Monday, August 21, 2006

 

Peel Sessions 19

For those of you who are 20, no probably more like 30 years younger than me the Damned are likely to be a group of little real interest to you unless you are studying musical history, whereas for those whose age begins with a 4, well maybe you can remember when they were an important band. Sadly they have turned into caricatures of themselves, having never been the most serious of the class of '77, it is still a shame to see how Dave Vanian and Captain Sensible have taken the easy road by earning a crust by becoming permanent figures on the punk equivalent of the chicken in a basket circuit.

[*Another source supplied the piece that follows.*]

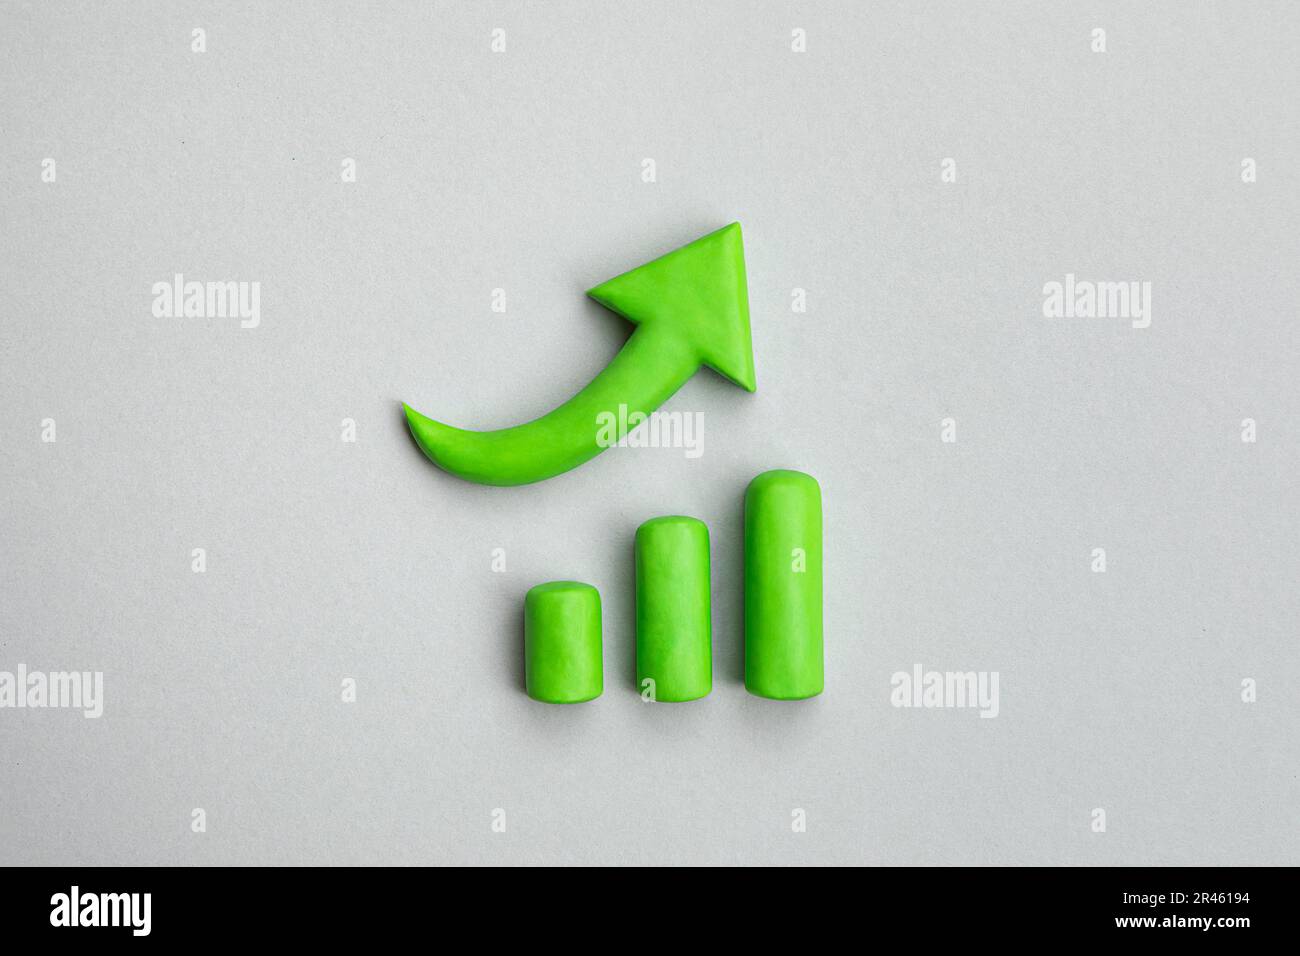 Business growth concept, 3d green arrow pointing up and chart indicating development. Three dimensional simple signs. Financial prosperity, business p Stock Photo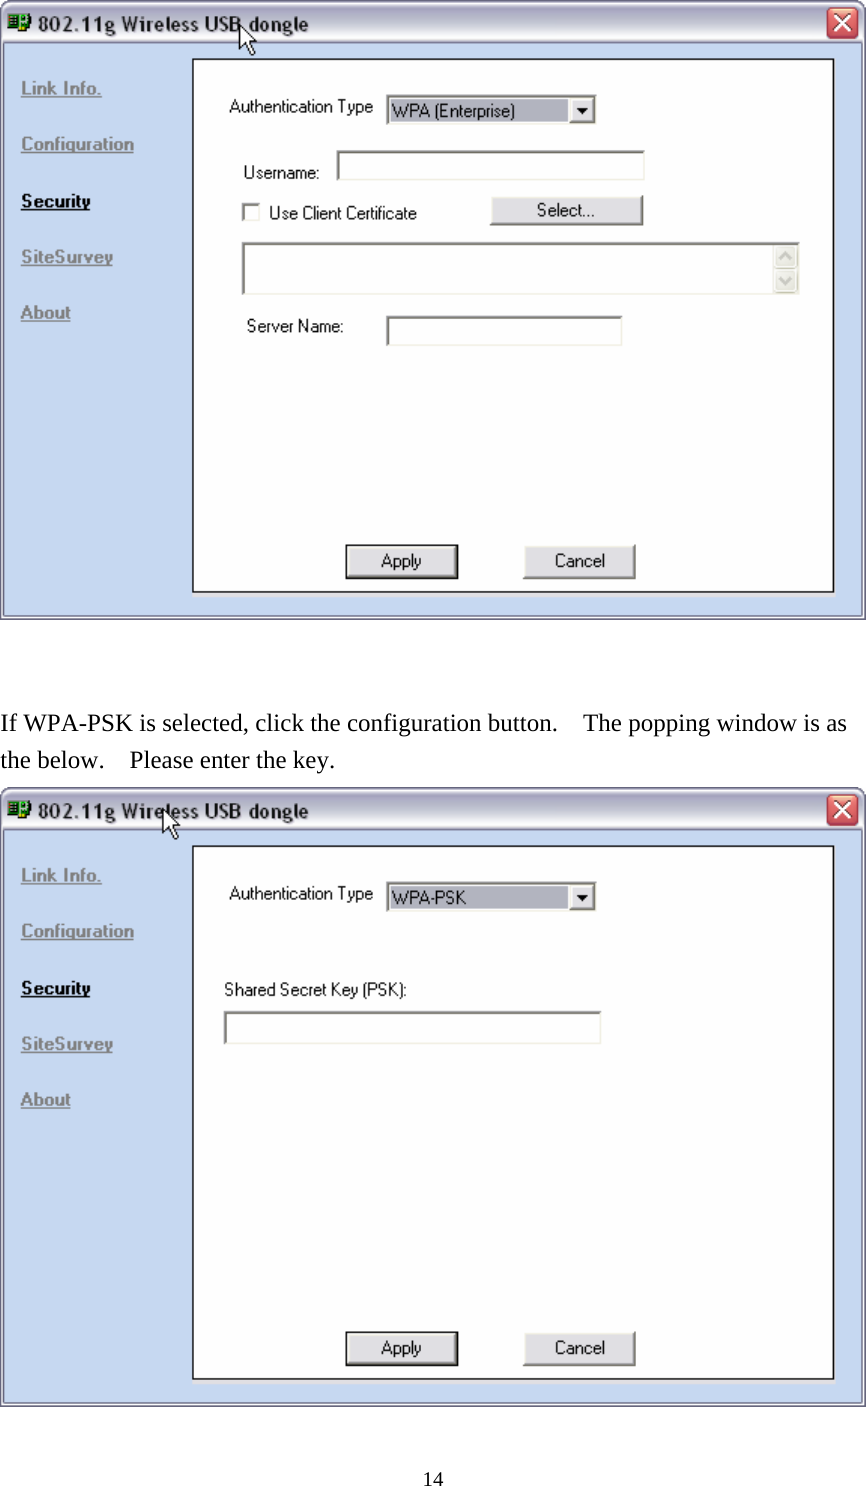  14   If WPA-PSK is selected, click the configuration button.    The popping window is as the below.    Please enter the key.

Brian James and Rat Scabies have tried to raise the level by playing under the same name recently at their old London haunt the 100 club to celebrate the 30 anniversary of their classic debut album, 'Damned, Damned, Damned'.
Back in the old days they were important despite their lack of political content in part because they were the first of the new wave of punk bands to release a single and an album. An album produced by Stiff's in house maverick genius producer Nick Lowe, which probably helped to give them a little bit more of a pop edge. A second album 'Music For Pleasure' followed in 1977, almost before the other punk bands had released their first long players. The band had not succeeded in their attempts to get Syd Barett out of retirement to produce the album and so rather strangely settled for Pink Floyd's Nick Mason. The less than favorable reception that the album received led to their splitting in early 1978. Less than two years latter we saw a new version of the band unveiled without guitarist Brian James the role was filled by the Captain. In chart terms 1979-1982 was to be their most successful period, with the trio of well received albums 'Machine Gun Etiquette' (1979), 'The Black Album' (1980) and 'Strawberries' (1982). The sound was a lot less punk by now resembling more a very tight pop rock band with shades of psychedelica, this new approach was also to be rewarded with hit singles such as 'Smash It Up' and 'Love Song'. By the late eighties it seemed as if every 6 months the Damned were out on a farewell tour and since then they have been an on off mainly touring affair, the new albums that were to be released were of little real interest. The 21st century has seen the band existing around the axis of Vanian and Sensible, recruiting musicians as and when needed to play gigs.
John Peel was not to be immune to their charms and the group entered the BBC studios on five occasions to lay down tracks for him. I was going to avoid the obvious choice of 'New Rose' but when listening to it again I was persuaded otherwise by Vanian's changing of the lyrics to include John Peel, the song is taken from their first session in November 1976. Of note the humorous change of the songs introduction from 'Is she really going out with him' to 'Are we really 65 in the charts?'. They went on to record a second session with the original line up in May 1977 from which 'Fan Club' is taken. Peel wasted no time in inviting the reformed band to record for him one of the resulting tracks was 'Smash It Up' from October 1979 and featured ex Saints bassist Algy Ward. Their fourth session was one year later and featured 'Therapy', again there was a change of bassist with ex Eddie & The Hot Rod Paul Gray looking after the four strings. From their final session I have chosen their cover version of the old Jagger/Richards number 'We Love You' a song I've always had a soft spot for with the mocking way the we love is drawn out, and the Damned did the song proud on their cover version. There is a lot of Damned product available both new and used, in terms of compilations I can personally recommend 'The Light At The End Of The Tunnel' which did an excellent job of rounding up those important years '76-'87.

Comments:
I'm fifteen years old and a Damned obsessive - admittedly I haven't found that many other teenage Damned fans, but there are a few of us!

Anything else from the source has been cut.